Le conocí en el otoño de 1972; él había venido de París. Moreno, delgado, barbudo, pantalón tejano azul celeste, camisa blanca de artista, treinta y ocho años entonces y con una pulsera india de cuero en la muñeca.
Él venía de lejos y llegó a la Ponferrada de Franco, de la grisura del tiempo. Era un atardecer y yo iba por la calle Camino de Santiago. Andaba sin rumbo por la ciudad y por el planeta todo, y estaba ya muy cerca de la plaza de Lazúrtegui, poco antes de llegar a aquel bar antiguo que se llamaba Moderno. Fue entonces cuando vi un hangar pequeño, un local que yo recordaba abandonado de mucho tiempo atrás. Pero lo habían abierto ocasionalmente para ofrecer en él una exposición de cuadros. Recuerdo un caballete publicitario, situado sobre la acera. También que las paredes del antiguo local poco menos que en ruinas, habían sido cubiertas con grandes franjas de papel azul oscuro para que no se vieran los costurones y grietas. Sobre aquel papel había colgado sus cuadros el pintor Eugenio de Arriba. Iluminados por focos improvisados en el techo de madera.
Naturalmente, entré a ver la exposición. Me sentía muy sorprendido de que hubiera novedades artísticas en la Ponferrada de los traficantes de carbón y del hierro, y de tanta camionería. Una ciudad que aún no tenía ni una sola sala de exposiciones. En el local, contemplando los cuadros, se concentraban bastantes mujeres y algunos hombres. Todos parecían interesados en los lienzos, y también mostraban curiosidad por aquel hombre broncíneo, remoto, artista, parisién. Y de Villafranca del Bierzo.

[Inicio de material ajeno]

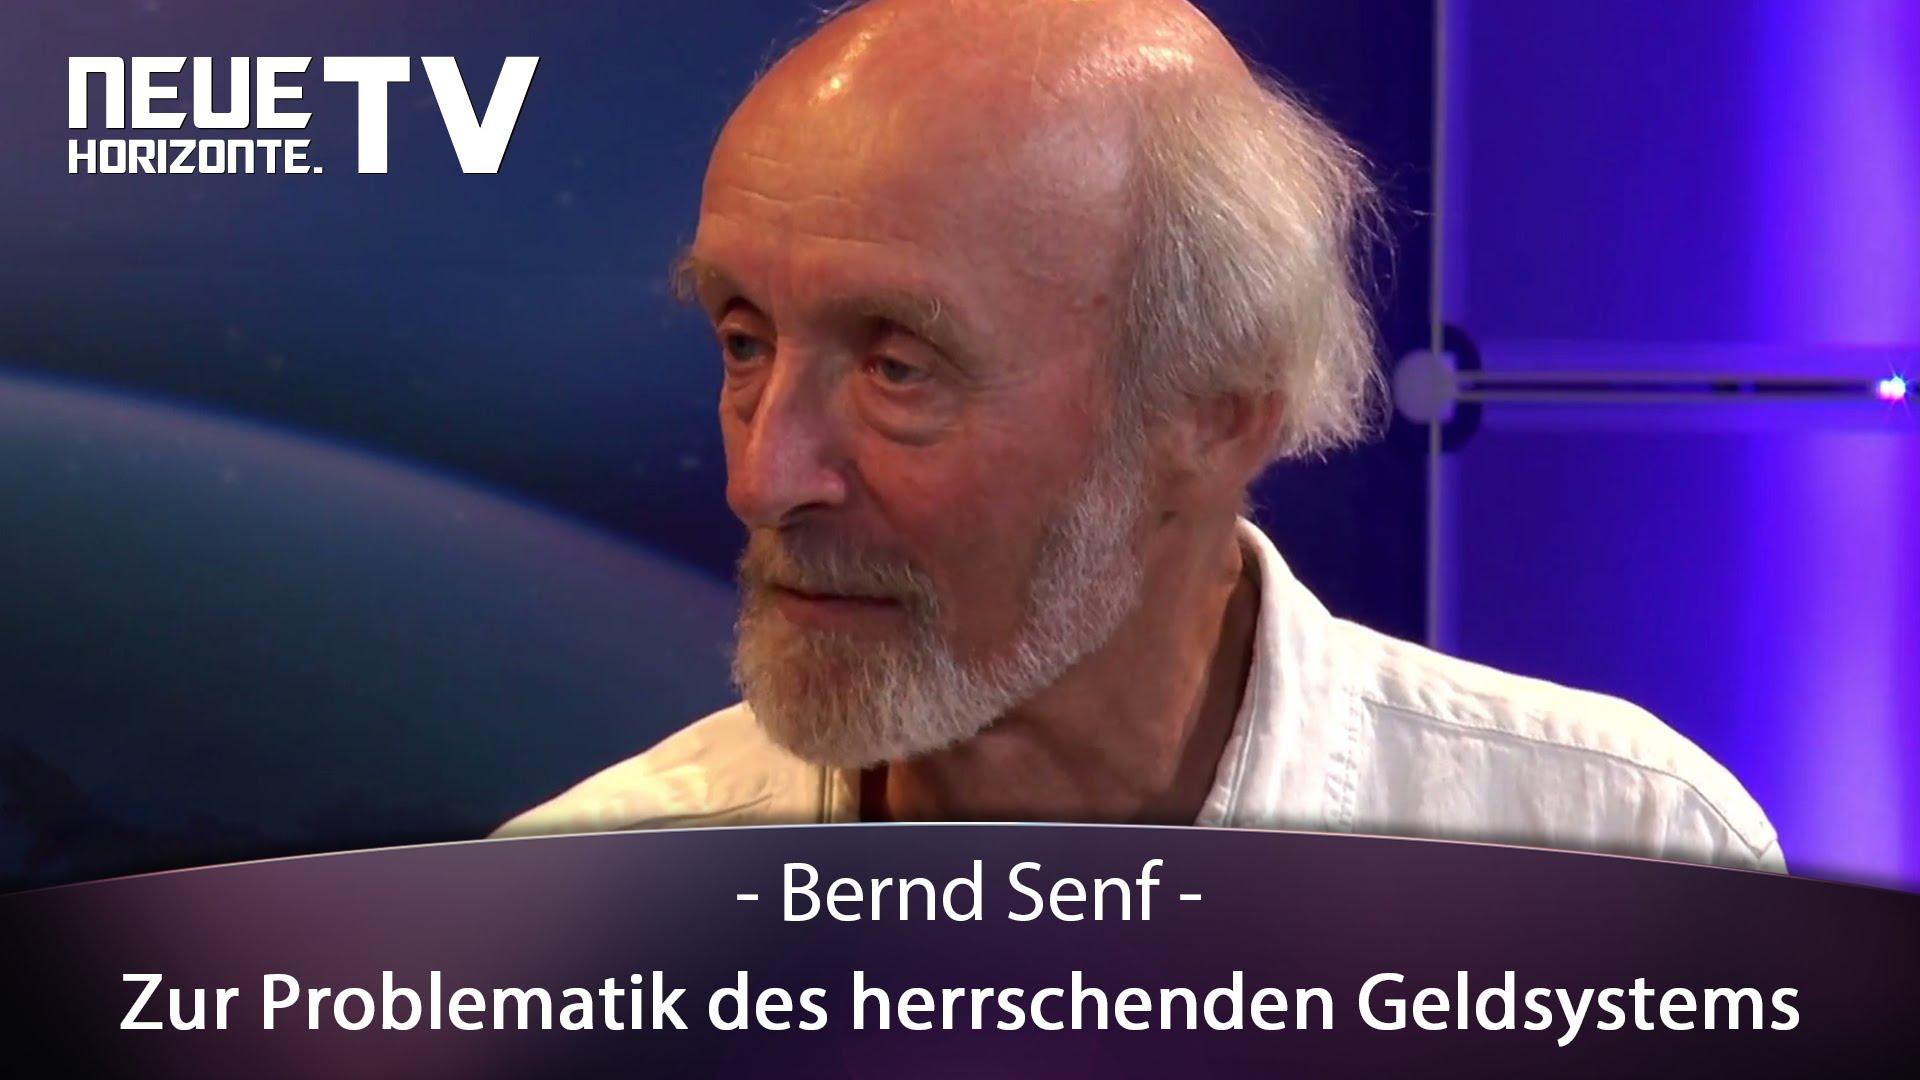 Zur Problematik des herrschenden Geldsystems – Bernd Senf

Así conocí a Eugenio de Arriba. Y sus cuadros, que me gustaron, y que tenían una clara raíz impresionista. Imágenes de la Costa Azul, con barcos y noches, y aquel hombre amable allí, tan lejos de París y de la Provenza, pero en su tierra. Viviendo un esplendor pequeño. Yo le observaba muy atento. Me gustaba notar su aire de lejanía, y su delicada indiferencia, que no lo era. Su estar y no estar mientras iba vendiendo algunos cuadros. Creo que al final colocó casi todos. La exposición terminó y el local volvió a quedar a oscuras, sin la luz del arte y la ilusión de las mujeres y los hombres. Sin aquel caballero del Bierzo que parecía un marinero de la Costa Azul. Y que tal vez lo era.
Poco después, ya instalado en su natal Villafranca, murió Eugenio de Arriba. Tan prematuramente. Y cuando murió yo me enteré de que era hermano de mi librero habitual, uno de los dos socios de aquel negocio que se llamaba “De Arriba y Castro”. Donde compré mis primeros libros de Borges. Y los de otros autores que iba descubriendo. En la ciudad del Dólar y de los lectores, entonces, más bien escasos. Casi todos coincidíamos en aquella tienda de libros que hacía esquina entre República Argentina y Ave María.
Poco después, también, trágica secuencia, fallecería en un accidente de tráfico el hermano de Eugenio que me vendía los libros y me hacía siempre descuento. Que era un hombre joven, educado, cordial y sensible. Desgracia cruel para dos hombres de bien y para sus familias.
Han pasado ya muchos años, pero perdura en mí la memoria de aquellos dos hermanos que, cada uno en su cometido, habían laborado por la cultura: uno vendiendo libros; el otro pintando hermosos cuadros que hacían más llevadera la vida. Imágenes que nos hacían soñar, como todos los lienzos que tienen verdad y tiempo eternizado. Por eso sigo viendo, activo, contento y original, a Eugenio de Arriba, berciano de Villafranca, francés de sueños del arte, sonriendo a las personas que entraban en aquel galpón para ver sus cuadros. En una tarde en la que brillaba la mirada melancólica del pintor.